Print exactly the lines from the one that contains "Kris Grikaite, Anok" through the last line of the material, both included, and leave out all pictures.

#### Information provided
────────────────────────────────────────

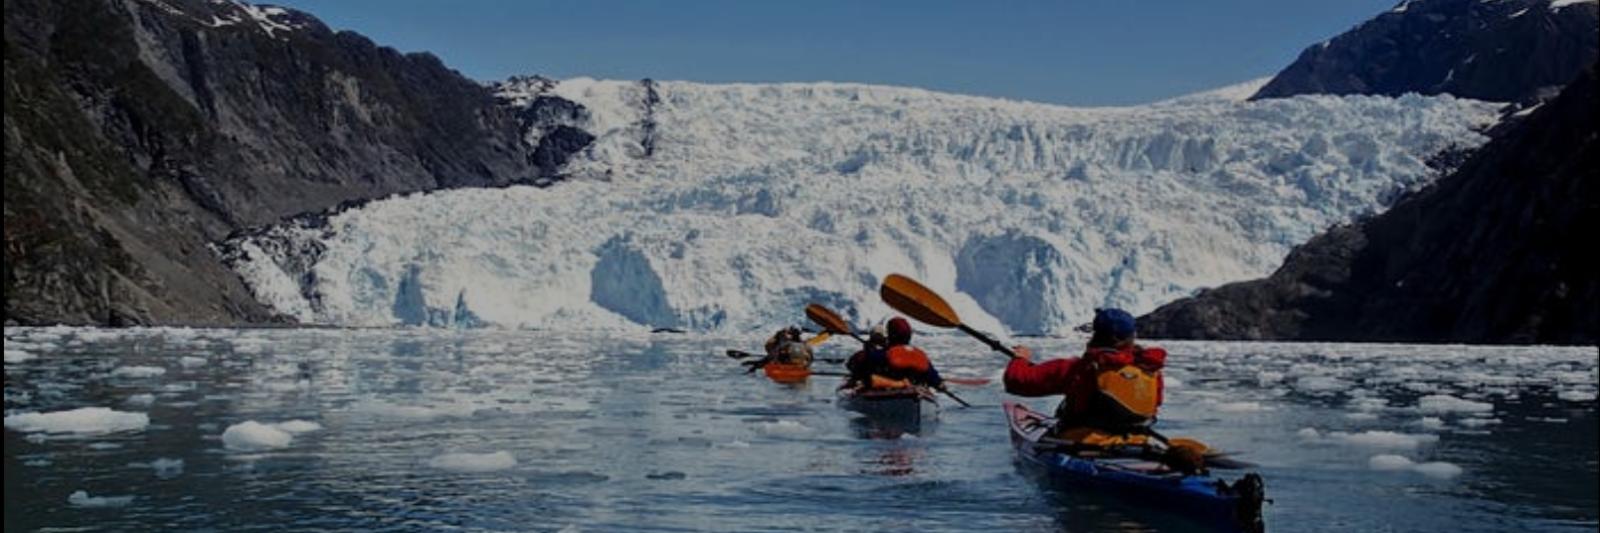 Kayaking tours in Seward, AK.
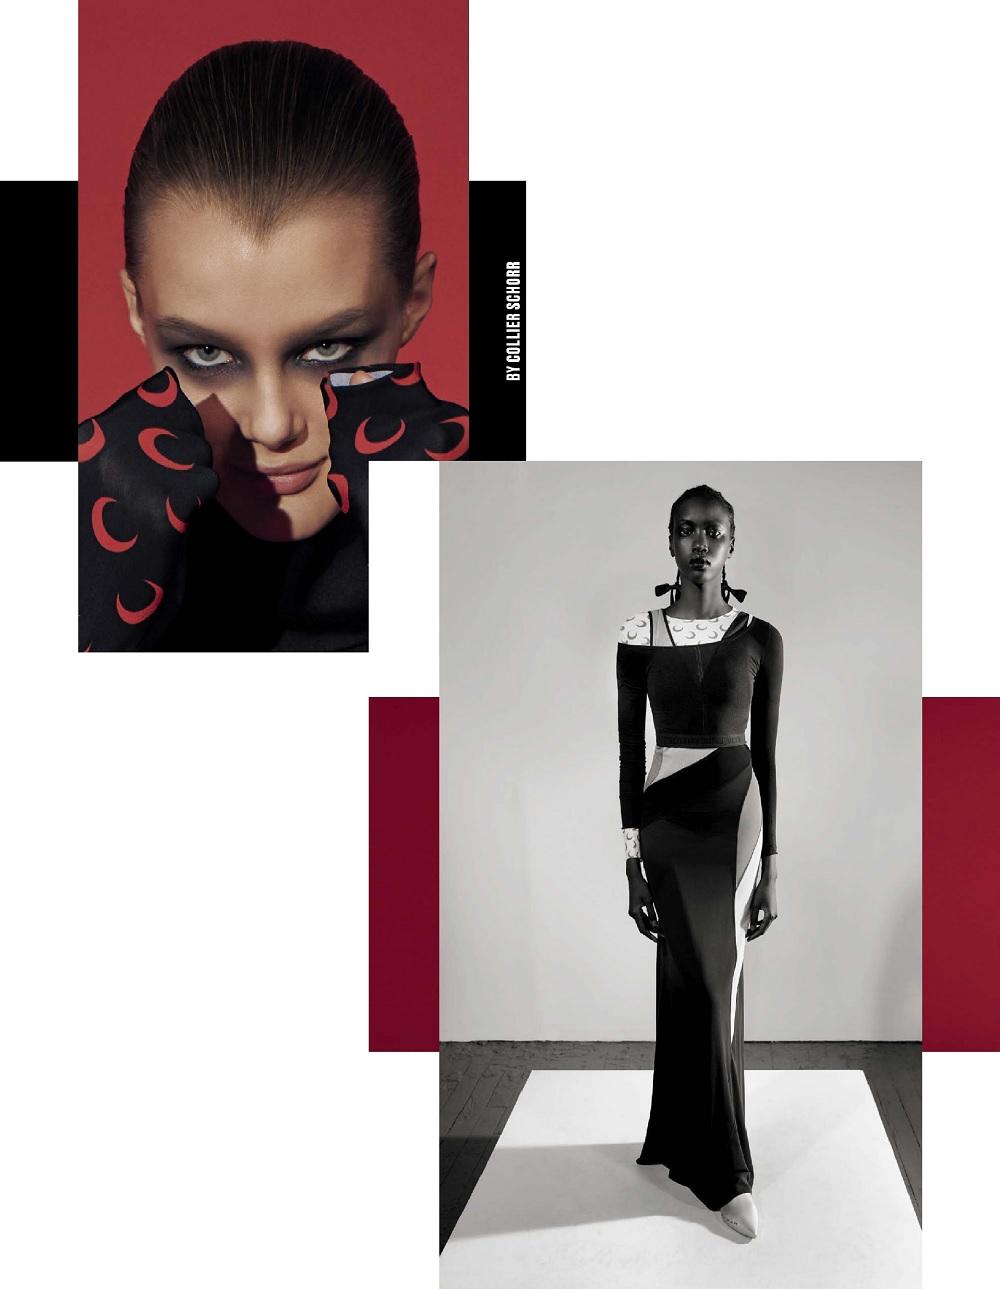 Kris Grikaite, Anok Yai by Collier Schorr Vogue Italy (12).jpg
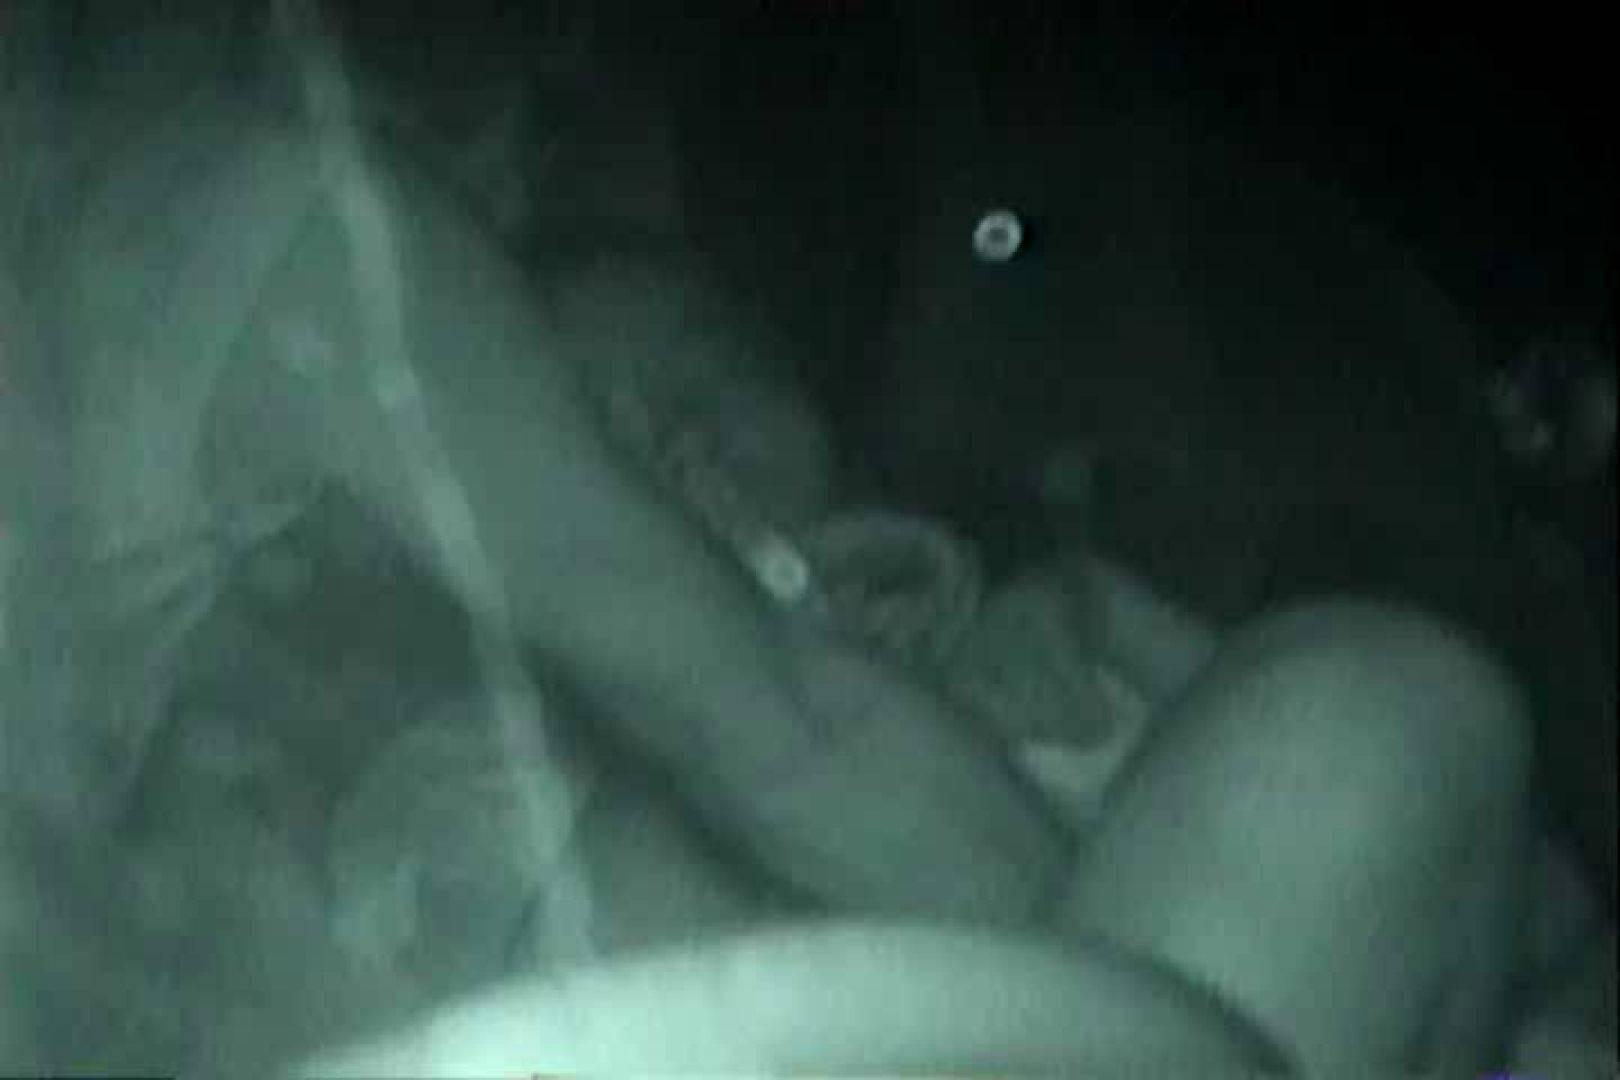 充血監督の深夜の運動会Vol.129 カップルのセックス SEX無修正画像 97PIX 67

────────────────────────────────────────

#### Your solution
 Kris Grikaite, Anok Yai by Collier Schorr Vogue Italy (12).jpg
 充血監督の深夜の運動会Vol.129 カップルのセックス SEX無修正画像 97PIX 67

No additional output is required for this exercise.